Она закурила и посмотрела на него с почтительной веселостью.
— Вас не шокируют моя неприспособленность? — спросила она. — Уж такая я есть. Как вы могли заметить, я довольно-таки нервная особа — боюсь даже, что довольно-таки несуразная особа. Не очень-то часто выбираюсь я на люди.
— По правде говоря, я нахожу это трогательным.
— Вы так великодушны… Ладно, здесь очень забавно. И мне так понравился наш разговор в парке…
— Кажется, я тогда несколько переборщил.
— Нет. Нет, нисколько. В современном мире это случается так редко… Но сегодня мне требуется благоразумие. Я хочу вас кое о чем попросить.
Одета Николь была по-деловому: ведь у нее было к нему дело. Вот о чем она поведала Гаю.
В детские свои годы, проведенные в сиротском приюте (в этом тесном загоне, в ежовых рукавицах муниципального унижения), Николь подружилась с маленькой камбоджийкой — красивой, всех лишившейся девочкой с печальными раскосыми глазами. Подобно товарищам по концлагерю, где страшнее всего не холод, не голод, не прямое насилие, но отсутствие любви, да, отсутствие любви, — они помогали друг другу выстоять: по сути, маленькие подружки испытывали восторг от глубины своей тайны, от крепости своей привязанности. Когда Николь исполнилось двенадцать, ее отдали в благотворительную школу (при фабрике по производству ваксы), в то время как родственную ее душу позволили «удочерить» (или — отдали на откуп?) какому-то жестокому иракцу.

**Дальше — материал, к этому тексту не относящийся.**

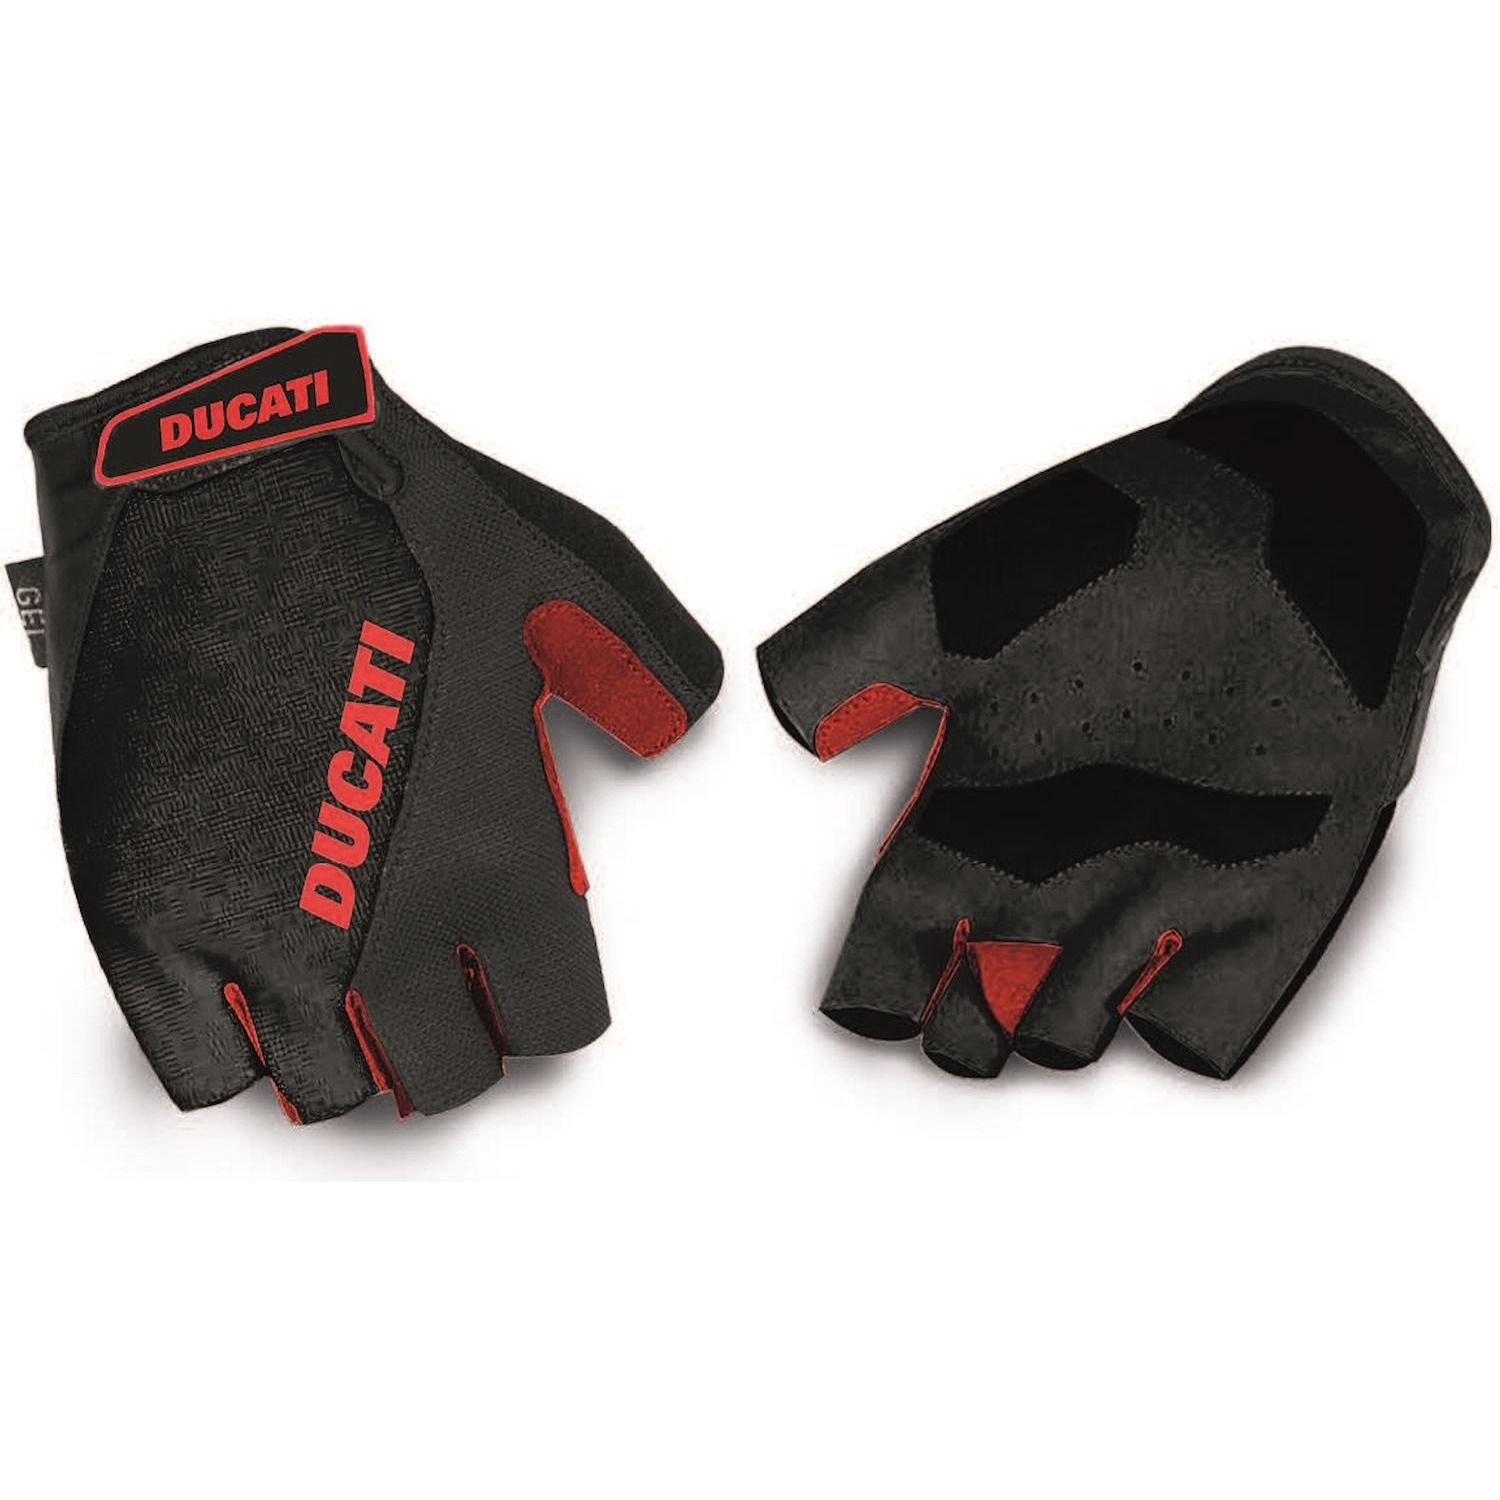 Immagine per Ducati Gel-Padded Gloves Black (Guanti per E-Bike) da DIMOStore

Тот дурно с ней обходился. Имело место насилие. Она… она — пала. Понимает ли Гай, о чем речь?
Гай мрачно кивнул.
Маленькая Николь, отворачиваясь от замусоленного учебника или от хлыста директора школы, частенько плакала над длинными письмами своей подруги. У той был ребеночек, сын. А потом ее репатриировали, безвозвратно.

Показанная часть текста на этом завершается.